Her credited film appearances reportedly included roles in Checkered Flag, Rocky III, and Malibu Hot Summer. Other production records and résumés associated with her career listed appearances in television programs such as Flying High, The Love Boat, and The Dating Game. She also worked behind the scenes in production-related roles and served as a stunt double in the 1990 Disney film Dick Tracy, where she doubled for actress Glenne Headly.

Taft worked in real estate in Southern California and was involved in residential property sales in the Beverly Hills area.

== Personal life ==
Taft traveled extensively throughout Europe, North Africa, and the Mediterranean region. She attended Los Angeles Valley College and pursued studies related to real estate and film production. After leaving the entertainment industry, she devoted much of her time to raising her daughter, Christina Taft, in Arizona.

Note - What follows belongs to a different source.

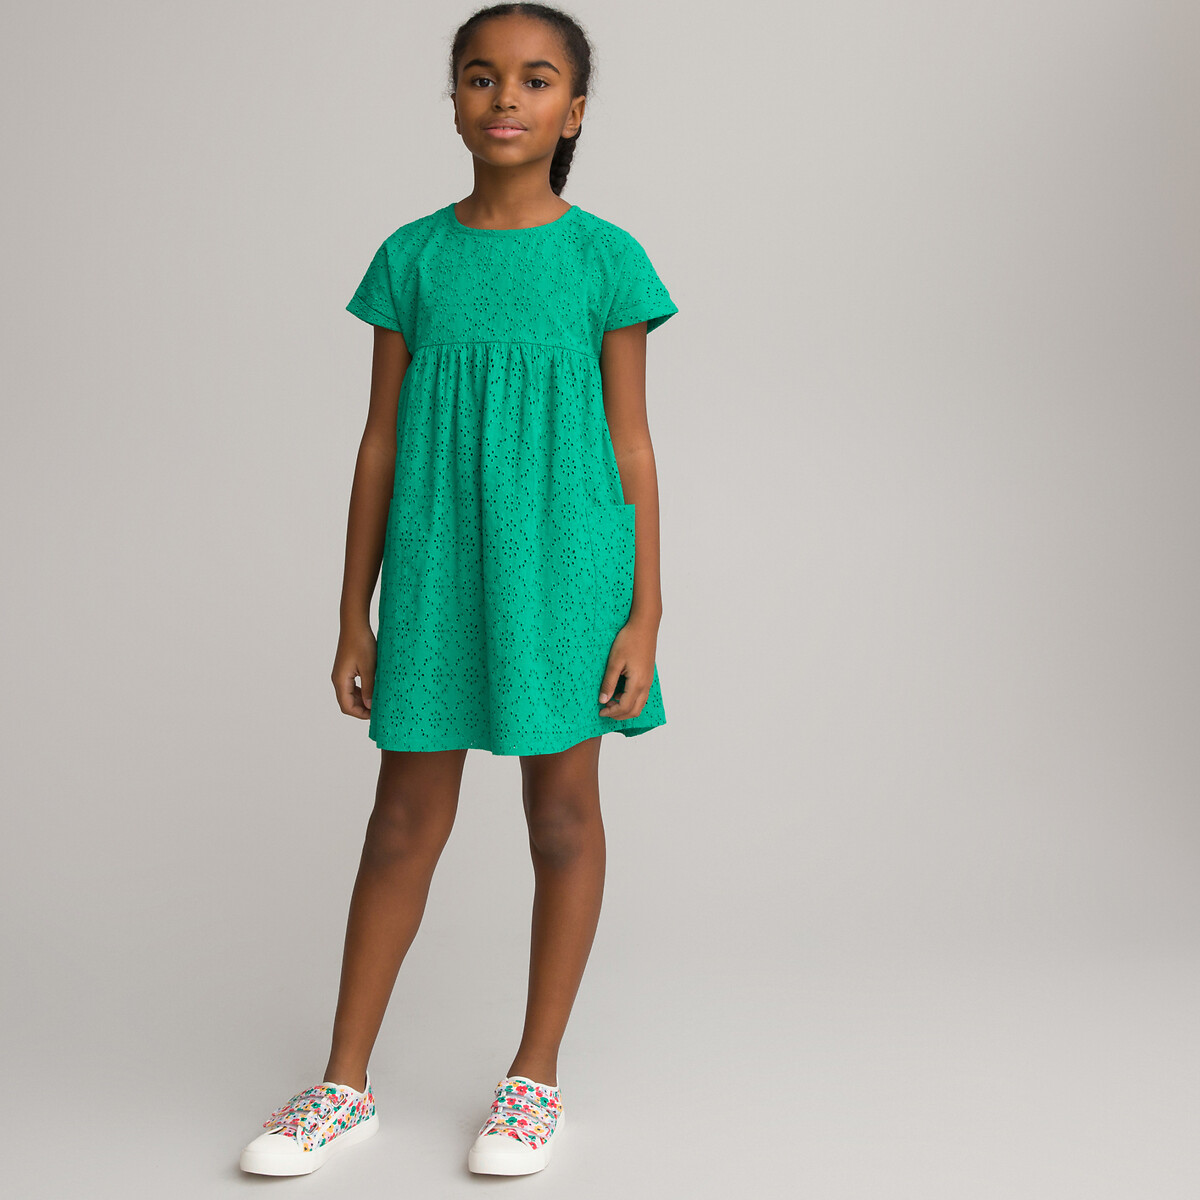 Платье С короткими рукавами и английской вышивкой 8 лет - 126 см зеленый LaRedoute, размер 8 лет - 126 см

In 2008, she relocated to Paradise, California, where she assisted family members and participated in community activities, including volunteer work with the Paradise Lions Club.

== Death ==
On November 8, 2018, Taft died during the wildfirefire in Paradise, California, the deadliest wildfire in California history at the time. She remained at her home in Paradise, California, as the fire rapidly approached the town. Her remains were later recovered from the ruins of her living room. Her daughter, Christina Taft, subsequently helped document her life and experiences as part of efforts to memorialize wildfire victims. She was 66 years old.

== Legacy ==
Following her death, Taft was featured in several news stories and memorial projects highlighting the lives of wildfire in Paradise, California victims. These accounts documented her background in acting and stunt performance as well as her life in California before relocating to Paradise.